__PROMPT__
What you return must be the lines from the first one below through the one containing "<h4>Paul Elias</h4><BR>", exactly and with pictures excluded.

__INPUT DATA__

------------------------------------------------

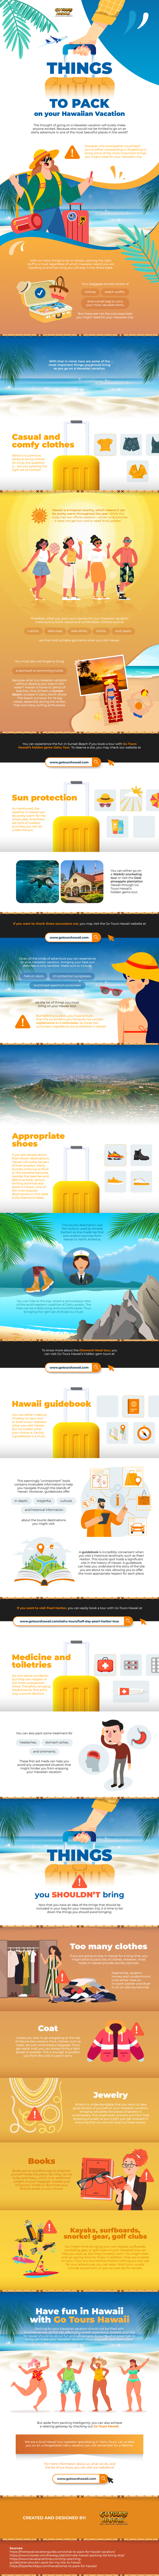 Things-to-Pack-on-your-Hawaiian-Vacation-01-infographic-image-0
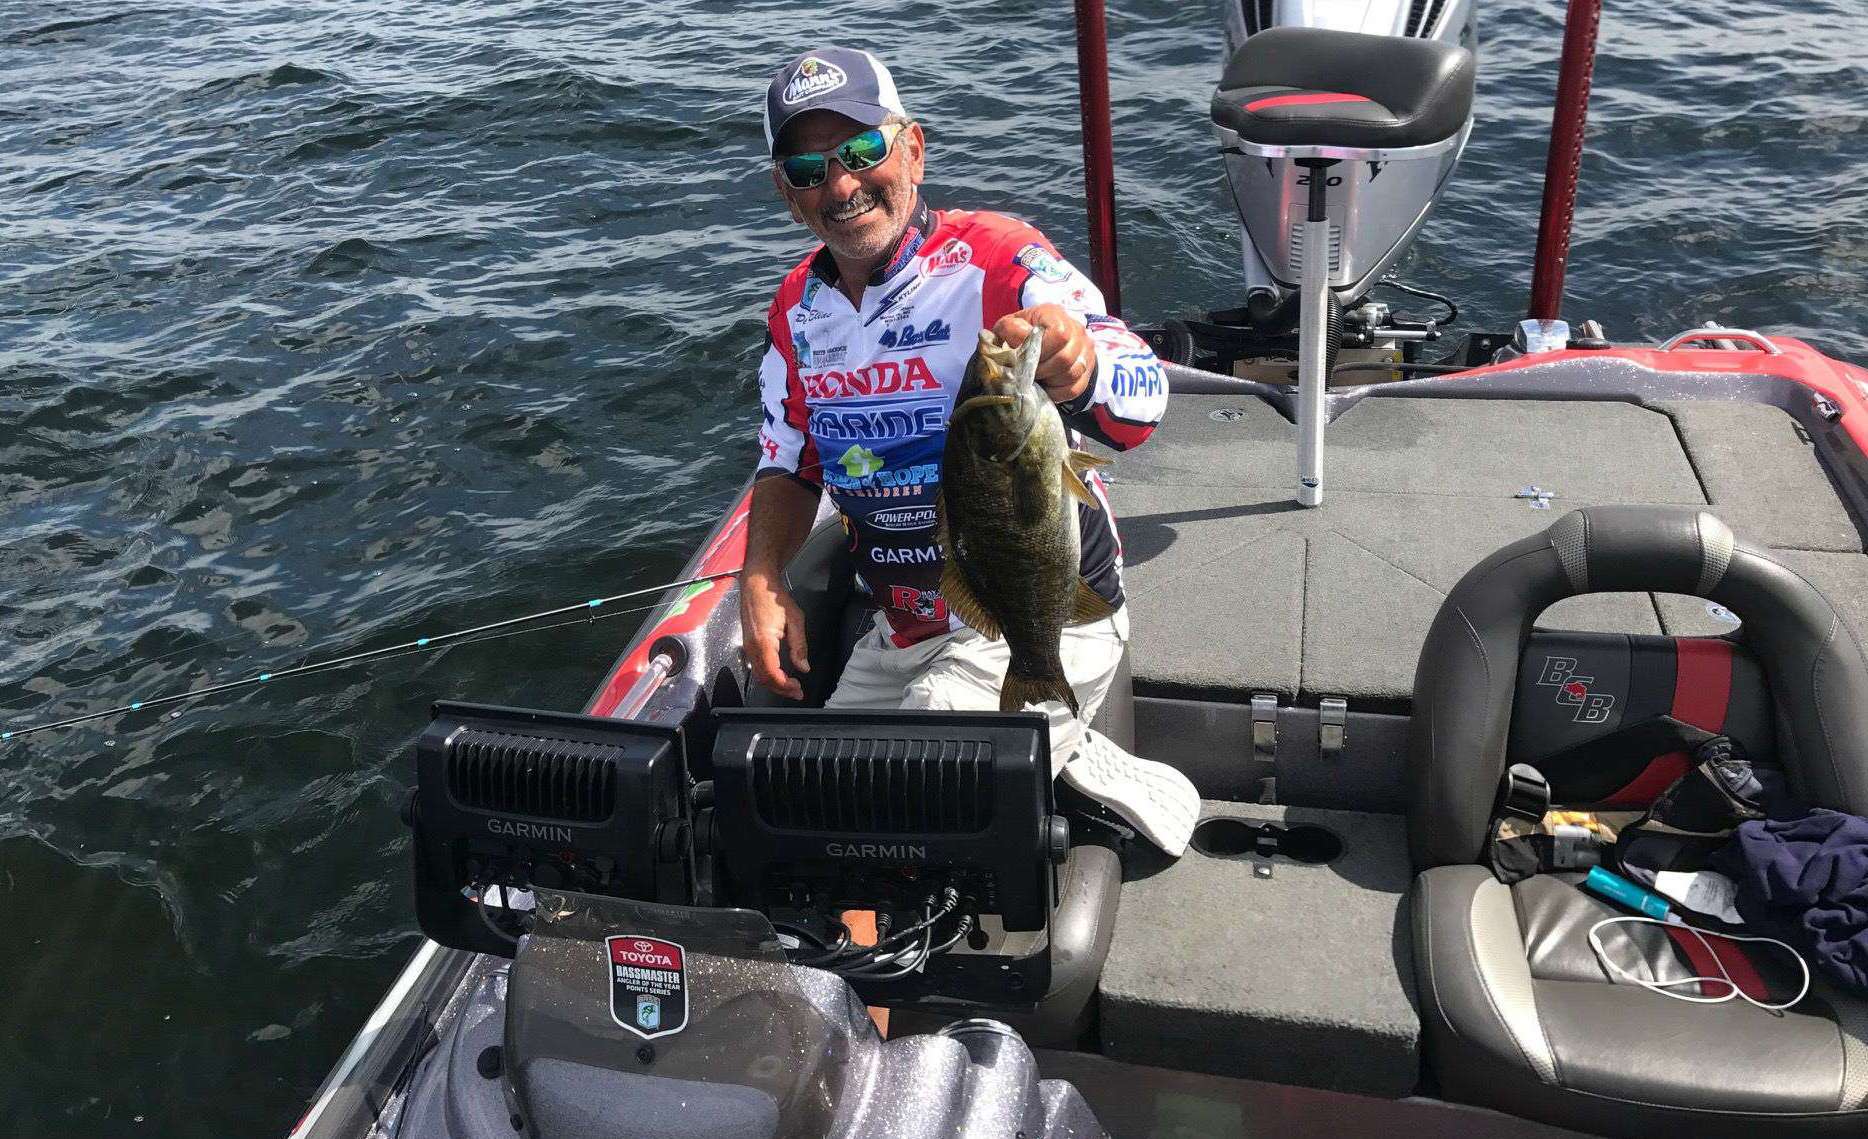 <h4>Paul Elias</h4><BR>
Elias joined the tour in 1979, won the 1982 Bassmaster Classic and then qualified for 16 Classics. Elias has $1.1 million and currently competes in the Bassmaster Elite Series. To win the Classic he kneeled on the casting deck, thrusting his six-foot fishing rod below the surface to gain more depth for his crankbait. Bassmaster magazine called the technique âkneeling and reelingâ and deep cranking was born. Elias then worked with Mannâs Bait Co. to develop the first true deep diving crankbait, namely the 20+ model capable of running 20 feet. 
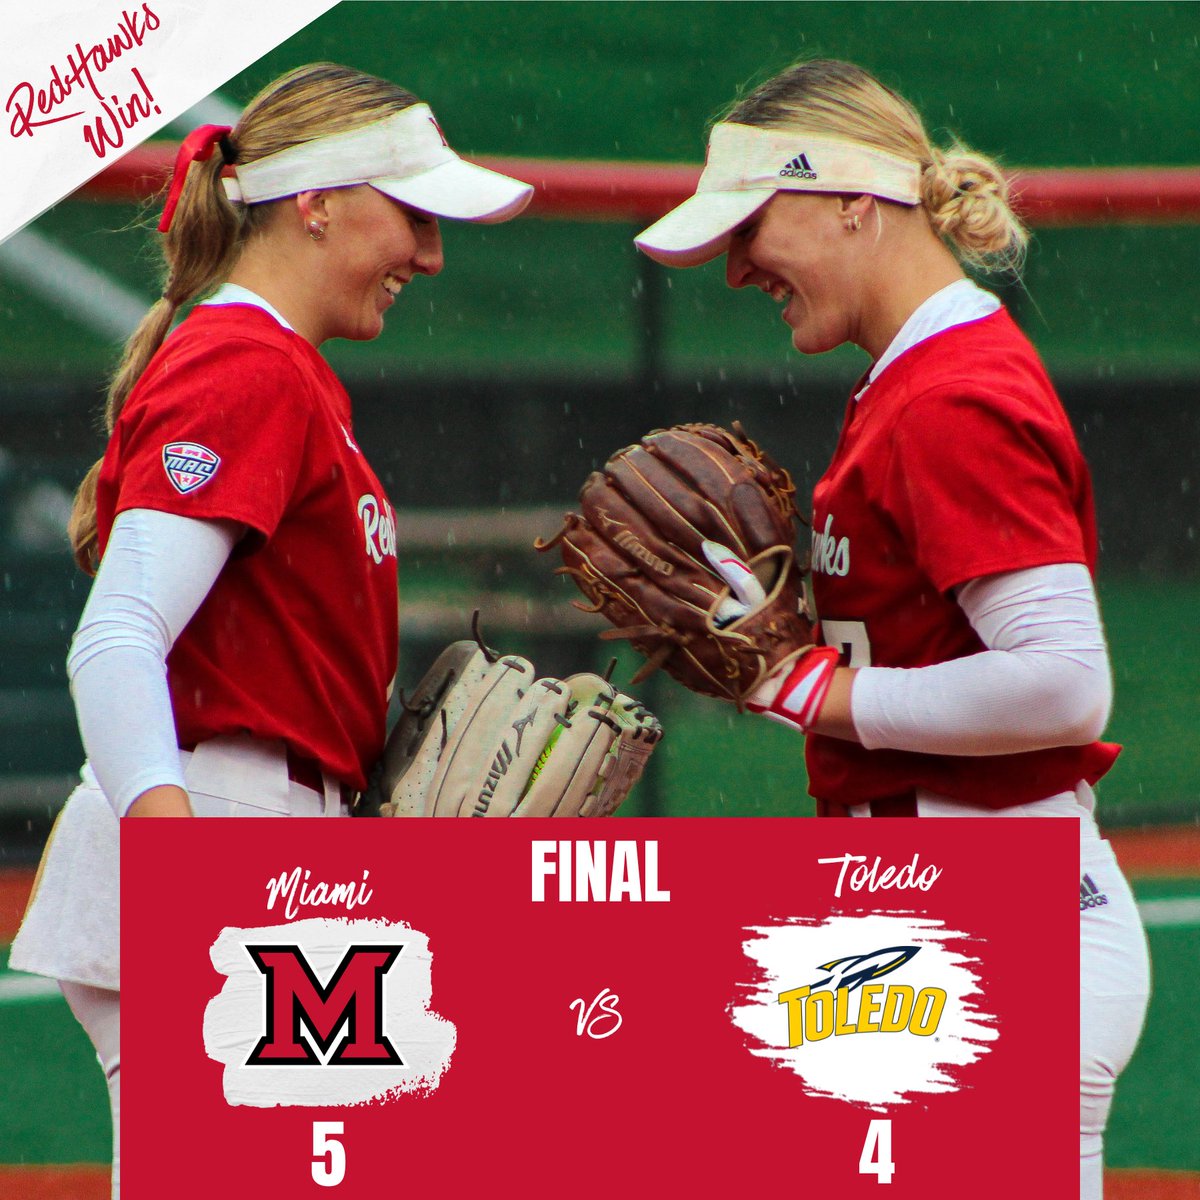 Good things come to those who wait #RiseUpRedHawks 🔴Spaid went 3-for-4 at the plate. Parks went 2-for-3. 🔴Bewick knocked in three RBI including a two-run homer and the game-winning sac fly. 🔴Madilyn Reeves pitched the complete game and got the win.

------------------------------------------------

__RESULT FOR THIS EXERCISE__
 Things-to-Pack-on-your-Hawaiian-Vacation-01-infographic-image-0
 <h4>Paul Elias</h4><BR>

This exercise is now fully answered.